Still, Christmas, with our focus on family feasting and gift-giving and reunions, brings us together in a mostly peaceful and reflective way. That’s so for most of us, not just Christians.

Jesus reportedly said and lived some things worth hearing and emulating.

He told us to treat the poor and downtrodden as we would Him. He urged us to welcome strangers. His whole life and preaching emphasized considering others’ needs before one’s own interest, being generous, avoiding greed and manipulation of others for profit. Fitting a camel, which is a bit bulky, through a needle’s eye is how he estimated the prospect for Elon Musk, Jeff Bezos, Mark Zuckerberg or Bill Gates going to Heaven. Like Buddha’s disciples, Jesus’s disposed of their worldly wealth and followed him, living a simpler and harsher life than most folks.

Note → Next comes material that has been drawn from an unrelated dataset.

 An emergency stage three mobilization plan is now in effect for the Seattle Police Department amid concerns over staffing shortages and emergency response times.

He also told us not to judge others, since none of us is without serious faults. And that when someone slaps you, offer him a second shot.

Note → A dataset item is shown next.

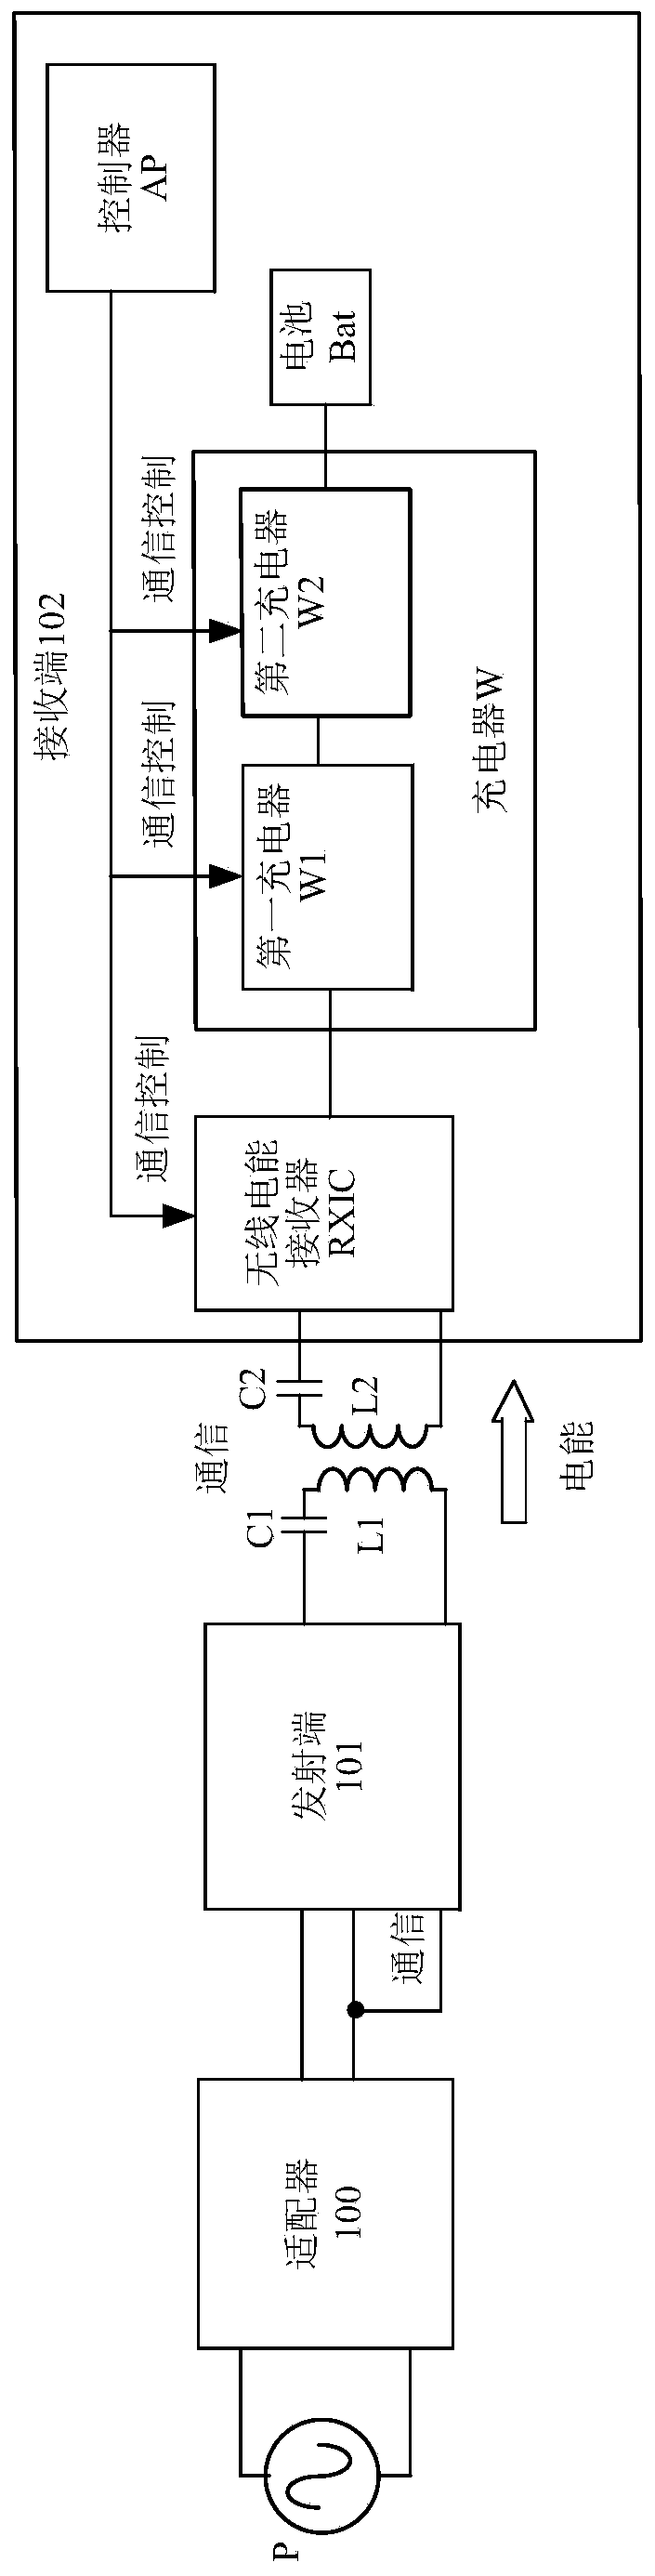 Wireless charging electronic equipment, method and system

Whatever your religion, code, or philosophy, if several of those principles aren’t central, consider them -- not ‘cause Jesus said so, or to secure a condo in the clouds, but because a substantial body of experience-based opinion says they are the route to a better life here on earth. (How they work later on is beyond my pay grade.)

All that is pretty familiar.

I’d add some.

Be grateful. (To Whom or what, or just grateful, is up to you.) Gratitude is both an appropriate and a healthy attitude toward life. You are incredibly privileged to live at all, to live a human life, to live a relatively free and healthy life. We take all that for granted; but recalling it helps us keep in mind our privilege, or good luck, and the short nature of our lives, and savor life.

There’s medical evidence that gratitude can help improve and even slightly extend our lives. The same is true of laughter. And of contemplation.

Jesus didn’t say, “Meditate as often as you can, and write in your journal,” but solitary contemplation marked the earliest really committed followers of Jesus and Buddha. Thoughtful atheists also recommend it. Most of us fear it. We fear emptying our our time and minds to contemplate, because there’s so much we really don’t care to face. That there is a hell of a good reason to get quiet, walking or sitting or writing, and shake hands with your demons.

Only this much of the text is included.